Keywords: Insulin allergy, Renal dysfunction, Type 2 diabetes
Introduction
Although the widespread use of recombinant human insulin and human insulin analog in patients with diabetes has greatly reduced the incidence of insulin allergy1–3, cases with insulin allergy continue to occasionally present in the clinic. Insulin allergies are varied and can be local or systemic, as well as immediate or delayed1,4. Reports of insulin allergy associated with renal dysfunction are extremely rare. We report herein the case of a patient with type 2 diabetes who showed skin rash, marked eosinophilia and progression of renal dysfunction after insulin therapy.
Case Report
An 87-year-old woman had been suffering from type 2 diabetes since 1992. She was intermittently treated with oral hypoglycemic agents and had not been monitoring her blood glucose. The treatment with insulin aspart 30 (Novo Nordisk, Bagsvaerd, Denmark) started when she was admitted to the Neurology Department at Nanjing Medical University affiliated Wuxi People's Hospital, Jiangsu Wuxi, China, because of cerebral infarction. Three weeks later, she noticed a red itchy rash occurring several hours after insulin injection at the injection sites, but neither treatment for the skin lesions nor insulin cessation was practiced. Two months later, for management of her condition, she was admitted to the Endocrinology Department. She had a 50-year history of hypertension leading to renal complication (urinalysis white blood cells [WBC] 0/μL, red blood cells 3.2/μL, protein (+); serum urea 12.7 mmol/L; serum creatinine 203.3 μmol/L before insulin injection). She had been taking amlodipine, pravastatin and aspirin. There was no history of drug-induced or alimentary allergy.

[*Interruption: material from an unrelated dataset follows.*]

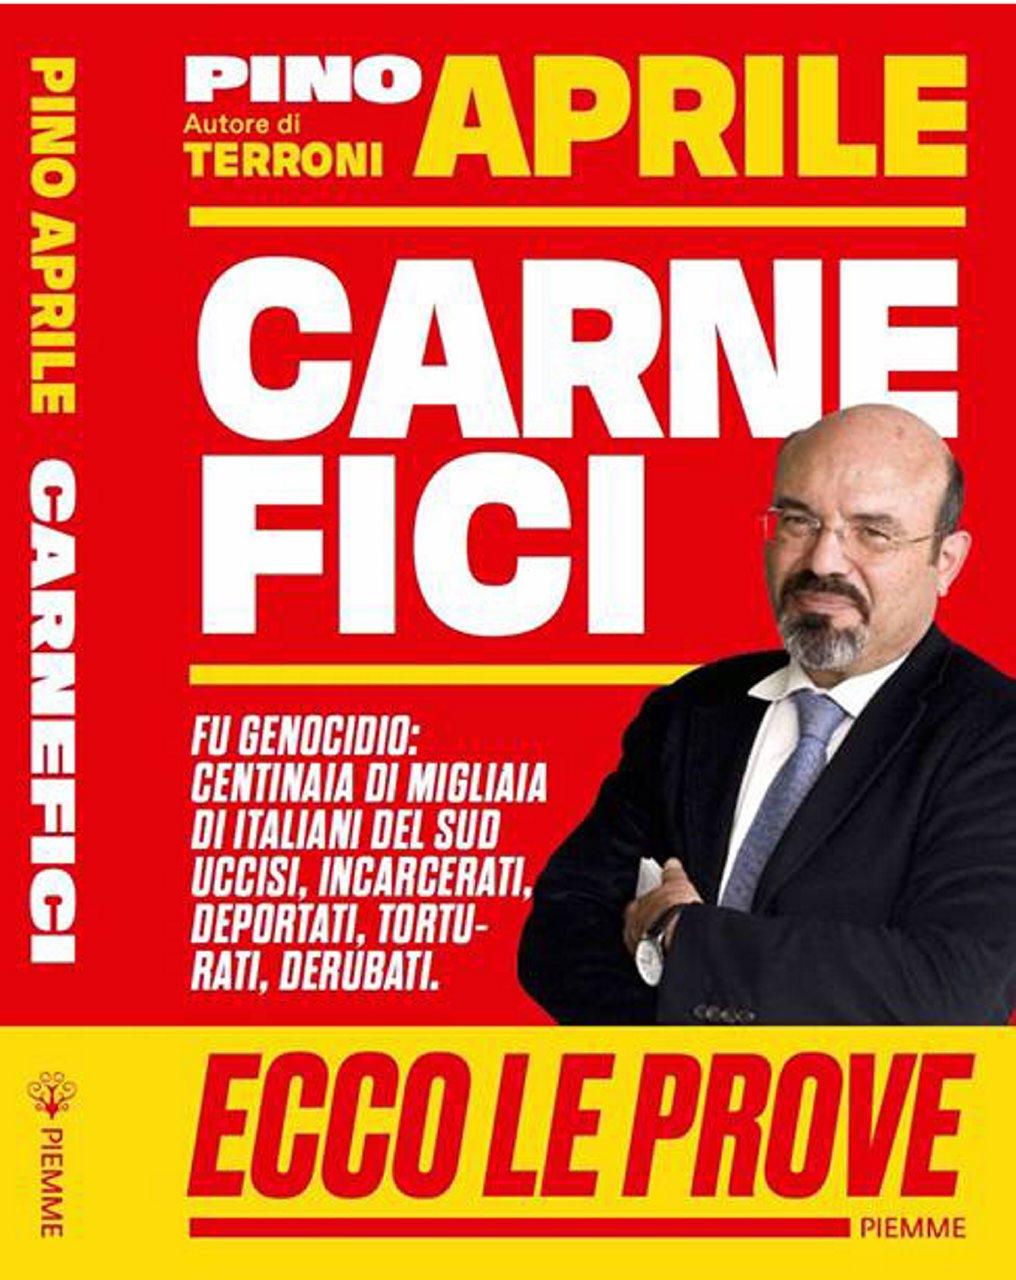 Pino Aprile Carnefici 1#001
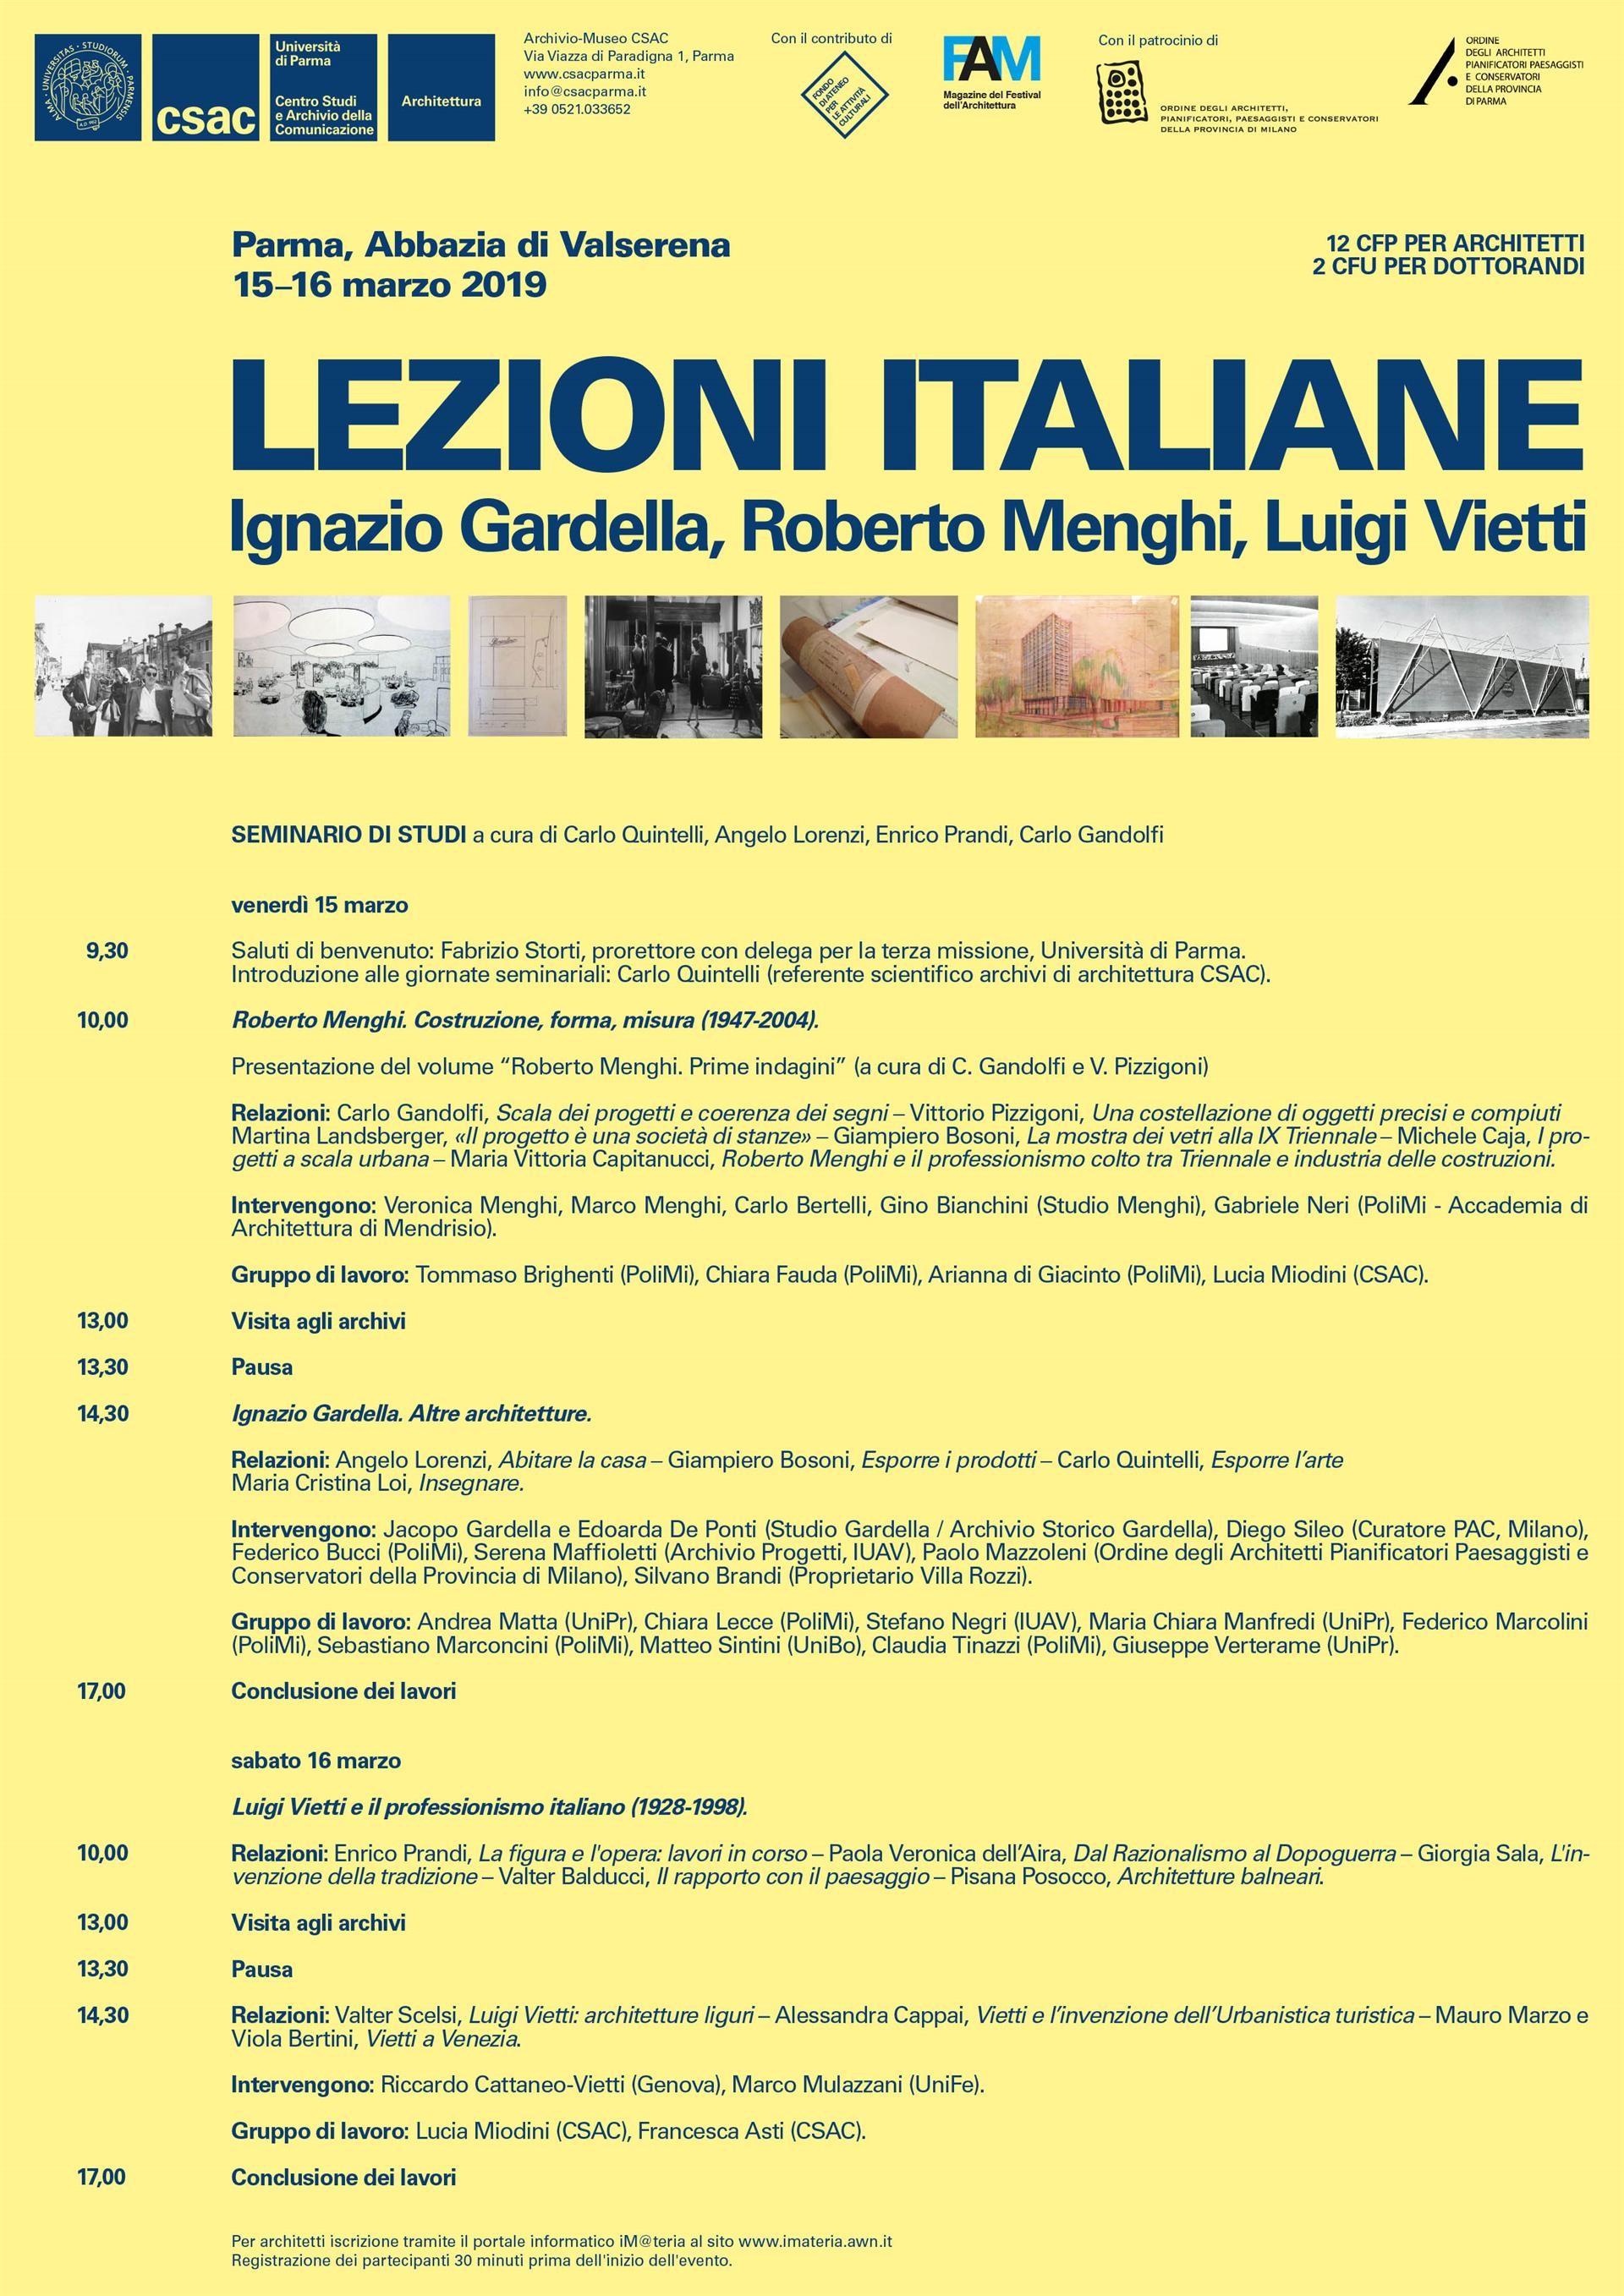 """""""LEZIONI ITALIANE"""" incentrato sulle figure di tre maestri dell'architettura italiana del Novecento: Ignazio Gardella, Roberto Menghi, Luigi Vietti."""

At the time of admission, the patient had an intradermal induration ranging from 1 cm to 3 cm in diameter at the insulin injection sites. She had no diabetic retinopathy and neuropathy. Her laboratory data showed: peripheral blood WBC 8,900/mm3, eosinophils 9.0%; fasting blood glucose 132.5 mg/dL; glycated hemoglobin 10.9% (96 mmol/mol); urinalysis WBC 283.2/μL, red blood cells 25.9/μL, protein (+), glucose (−), ketone (−); negative urine culture; 24 h urine protein 0.36 g; serum urea 14.8 mmol/L; serum creatinine 250.5 μmol/L.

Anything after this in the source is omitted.